Excerpted data:

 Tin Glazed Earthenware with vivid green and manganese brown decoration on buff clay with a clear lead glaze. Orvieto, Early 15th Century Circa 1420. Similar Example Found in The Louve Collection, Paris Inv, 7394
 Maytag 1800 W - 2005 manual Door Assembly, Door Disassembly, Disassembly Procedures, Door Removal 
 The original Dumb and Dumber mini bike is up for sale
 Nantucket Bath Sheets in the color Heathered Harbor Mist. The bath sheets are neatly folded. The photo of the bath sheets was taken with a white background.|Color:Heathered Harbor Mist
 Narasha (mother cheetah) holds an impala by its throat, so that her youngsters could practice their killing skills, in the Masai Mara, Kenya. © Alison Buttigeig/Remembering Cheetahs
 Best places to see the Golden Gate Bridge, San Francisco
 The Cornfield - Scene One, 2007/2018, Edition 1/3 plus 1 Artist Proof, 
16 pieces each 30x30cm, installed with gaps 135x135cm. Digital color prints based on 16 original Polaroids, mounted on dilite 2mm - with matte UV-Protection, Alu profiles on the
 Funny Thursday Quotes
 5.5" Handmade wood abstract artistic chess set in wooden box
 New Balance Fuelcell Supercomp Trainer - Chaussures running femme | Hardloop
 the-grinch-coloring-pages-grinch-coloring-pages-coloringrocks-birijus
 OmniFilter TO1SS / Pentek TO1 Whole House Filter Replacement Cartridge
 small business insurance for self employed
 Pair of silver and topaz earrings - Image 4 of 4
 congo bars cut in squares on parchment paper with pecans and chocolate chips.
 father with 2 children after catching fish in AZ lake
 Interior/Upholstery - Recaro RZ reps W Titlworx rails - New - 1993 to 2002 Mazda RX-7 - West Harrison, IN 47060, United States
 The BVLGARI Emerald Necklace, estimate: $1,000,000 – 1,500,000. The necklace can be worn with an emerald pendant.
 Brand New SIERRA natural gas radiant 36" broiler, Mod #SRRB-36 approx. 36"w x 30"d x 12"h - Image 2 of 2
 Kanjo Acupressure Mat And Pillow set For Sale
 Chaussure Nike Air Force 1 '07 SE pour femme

Task directions:
Your reply should consist of the records, duplicated exactly.

Result of the task:
 Tin Glazed Earthenware with vivid green and manganese brown decoration on buff clay with a clear lead glaze. Orvieto, Early 15th Century Circa 1420. Similar Example Found in The Louve Collection, Paris Inv, 7394
 Maytag 1800 W - 2005 manual Door Assembly, Door Disassembly, Disassembly Procedures, Door Removal 
 The original Dumb and Dumber mini bike is up for sale
 Nantucket Bath Sheets in the color Heathered Harbor Mist. The bath sheets are neatly folded. The photo of the bath sheets was taken with a white background.|Color:Heathered Harbor Mist
 Narasha (mother cheetah) holds an impala by its throat, so that her youngsters could practice their killing skills, in the Masai Mara, Kenya. © Alison Buttigeig/Remembering Cheetahs
 Best places to see the Golden Gate Bridge, San Francisco
 The Cornfield - Scene One, 2007/2018, Edition 1/3 plus 1 Artist Proof, 
16 pieces each 30x30cm, installed with gaps 135x135cm. Digital color prints based on 16 original Polaroids, mounted on dilite 2mm - with matte UV-Protection, Alu profiles on the
 Funny Thursday Quotes
 5.5" Handmade wood abstract artistic chess set in wooden box
 New Balance Fuelcell Supercomp Trainer - Chaussures running femme | Hardloop
 the-grinch-coloring-pages-grinch-coloring-pages-coloringrocks-birijus
 OmniFilter TO1SS / Pentek TO1 Whole House Filter Replacement Cartridge
 small business insurance for self employed
 Pair of silver and topaz earrings - Image 4 of 4
 congo bars cut in squares on parchment paper with pecans and chocolate chips.
 father with 2 children after catching fish in AZ lake
 Interior/Upholstery - Recaro RZ reps W Titlworx rails - New - 1993 to 2002 Mazda RX-7 - West Harrison, IN 47060, United States
 The BVLGARI Emerald Necklace, estimate: $1,000,000 – 1,500,000. The necklace can be worn with an emerald pendant.
 Brand New SIERRA natural gas radiant 36" broiler, Mod #SRRB-36 approx. 36"w x 30"d x 12"h - Image 2 of 2
 Kanjo Acupressure Mat And Pillow set For Sale
 Chaussure Nike Air Force 1 '07 SE pour femme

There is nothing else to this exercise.